Hummus, Fettush, Tebbula… Humus u memlekette çok sevdiğimiz kebabcıda yiyiyoruz. Galiba bu humusun içinde biraz yoğurt ve limon ekşisi var. Bizimki kadar yoğun bir tat bırakmıyor damakta. Son derece lezzetli. Bir başka gün bir başka cafede sarımsaklı yoğurla yapılanına da rastladık.  Fettush bildiğin marul salatası.Üzerinde kıtır hamur parçaları var.  Bol sumakla ekşiliği o kadar lezzetli ki. Kıtırın şekli cafe den cafe ye değişiyor ama bu salata çok güzel. Tebbula mı ne? Bildiğin içli köfte… Aramızda kalsın Antep de yediğim içliköftenin tadını geçemiyor. Servisle beraber pofuduk ekmekler ve  naylon torbada incecik pita ekmekleri geliyor. Pitalar o kadar ince ve lezzetli ki.


 
Sonra bir de labne yi ekmek üstüne sürüp veriyorlar. Benim resmini çektiğim labneli ekmek o kadar hoş gözüküyordu ki. İnsana ekmek üzerine labne bu kadar güzel mi sürülür dedirtiyor.

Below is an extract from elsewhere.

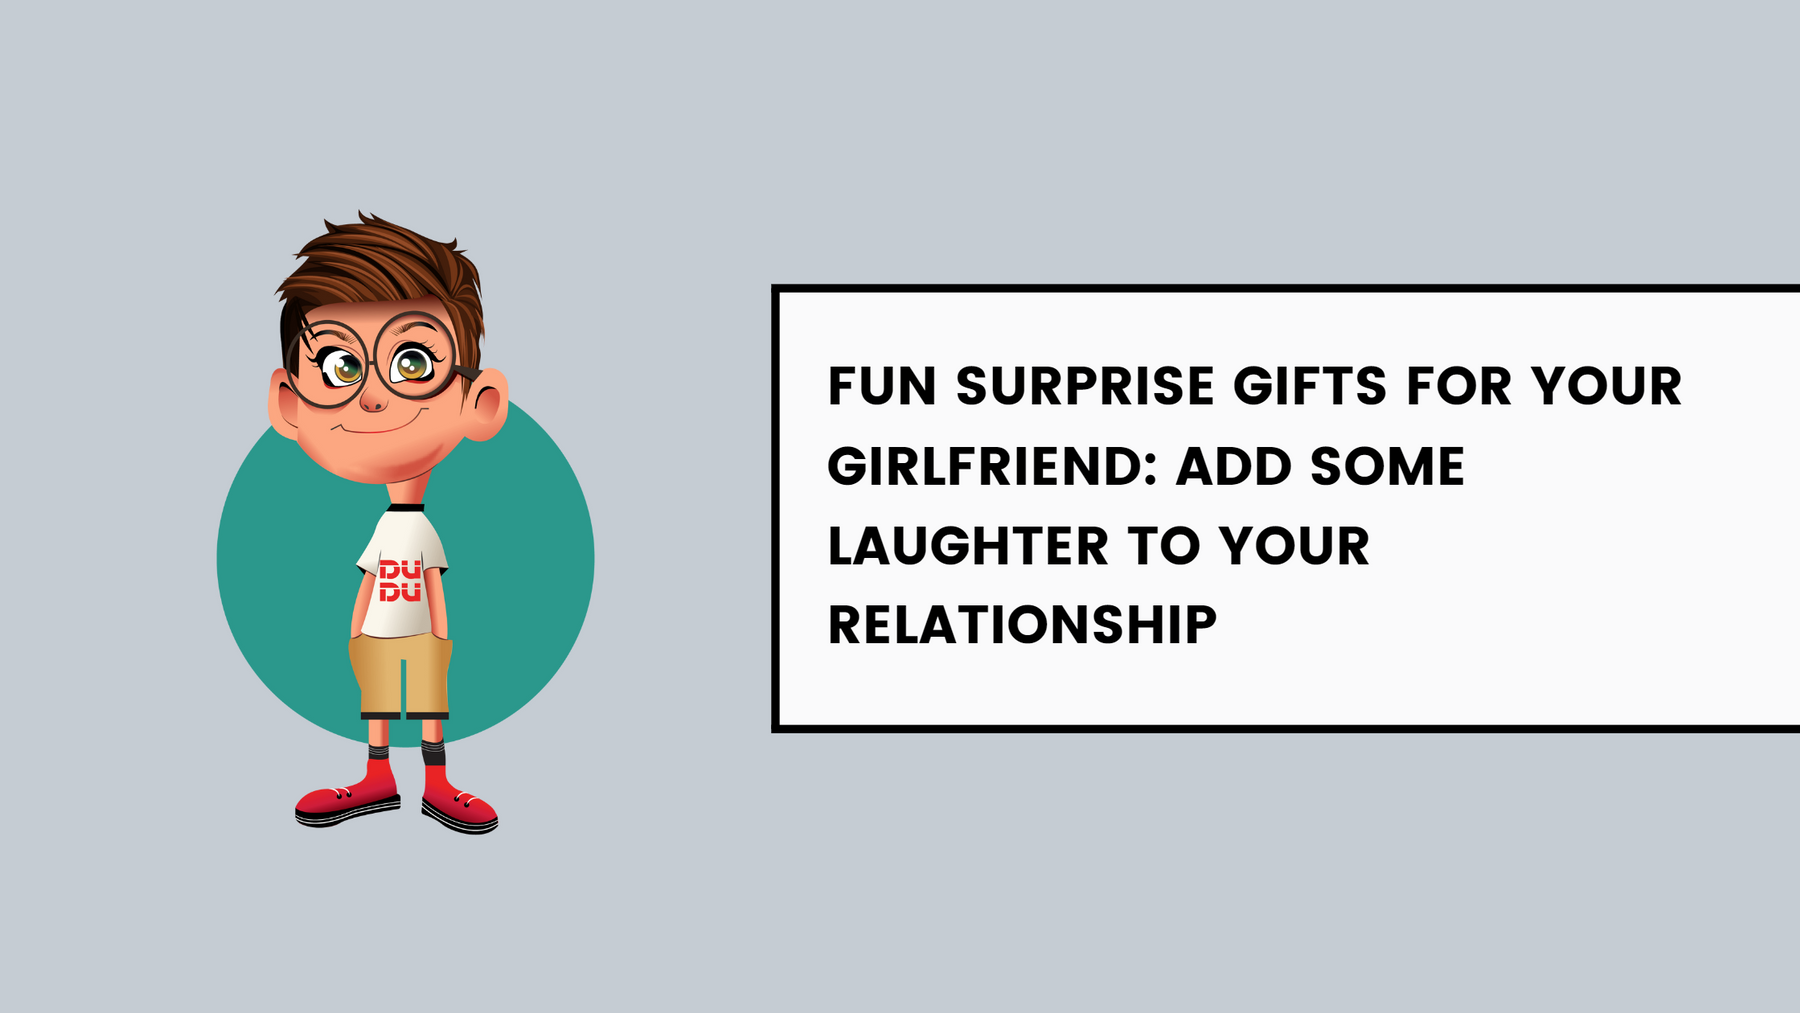 Fun Surprise Gifts For Your Girlfriend: Add Some Laughter To Your Relationship

Sunum harika ama ekmek bayat ! 
Ben normalde bira düşkünü biri değilim. Susuzluktan ölsem ancak o ilk yudum çok güzel gelebilir. Ama duydum ki Lübnan birası hafif ve lezzetliymiş. Denemeden olmaz dı. Gerçekten hafif. İçimi çok hoş. Denk gelirseniz kaçırmayın derim. Almaza...

İstanbul da ki kafelerde eskiden yapılması zor olduğu için Türk Kahvesi yapmazlardı. Sonra Arçelik deki mühendisler bir makine icat ettiler. Şimdi her yer o makine sayesinde homurdanmadan Türk kahvesi servisi yapıyorlar. Beyrut da genelde her cafe de “Turkish Coffe” cezve, fincan ve su ile ikram ediliyor. Çok hoşuma gitti. Seviyor bunlar bizi.

 
Lübnan da geç keşfettiğim başka bir içkide “arak”. 

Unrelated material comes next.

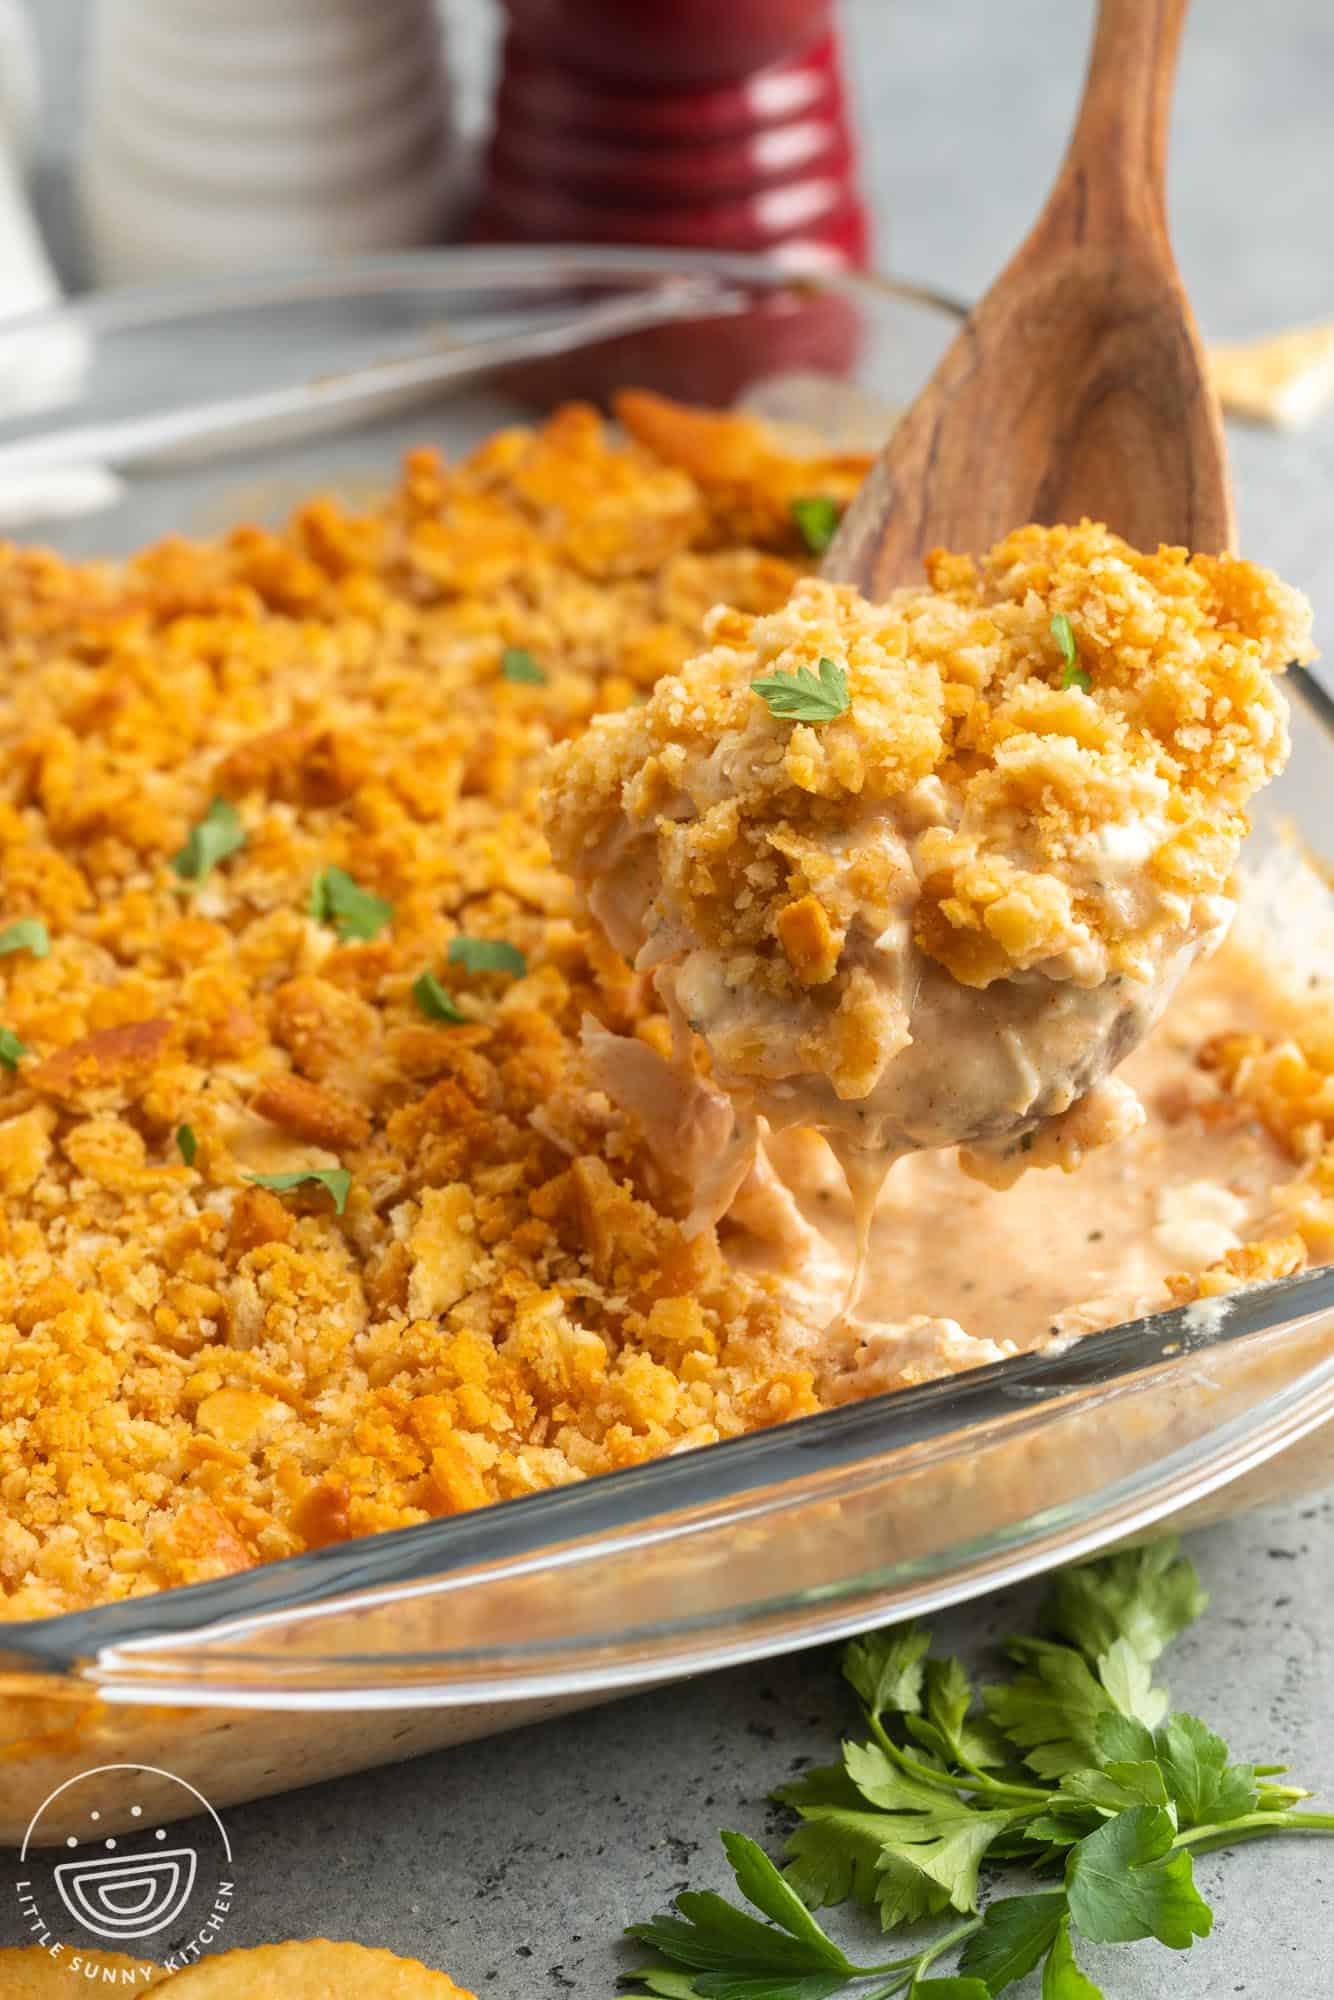 million dollar chicken casserole with crispy cracker topping, served with a wooden spoon.

Otelin sokağında bir bakkaldan su alırken, raflarda satılan şişelere göz atıyorum. Gözüme estetik, parlament mavisi bir şişe çarpıyor. Şişe o kadar güzel ki, içinde su satsalar yinede alacağım. Ama kasada kaç para sorusuna verilecek cevaplardan fazla İngilizce bilmeyen genç arkadaşa, sanki 10 yaşındaki bir çocuğa anlatır gibi, bu Yunan Uzo su yada Türk Rakı sı gibi bir içecek mi? diye soruyorum. Genç arkadaş da 10 yaşında bir çocuk gibi cevap veriyor;  
- What is Uzo?”  

O sırada markette alış veriş yapan bir Lübnan lı derdimi anlayıp, bana cevap veriyor. “Yes, yes. İt is same”. Yaşasın yöresel bir şey buldum almak için. 

Otele döndüğüm zaman barmene soruyorum arak  'ın nasıl içildiğini. Onlarda bizimrakı gibi su koyarlarmış üstüne. Tıpkı biz Türkler gibi balık yerken illa ki arak içerlermiş.

Son olarak  bir kahve molasında, tadına baktığımız bilindik tatlıların güzel resimleriyle bu yazının sonunu bağlayalım.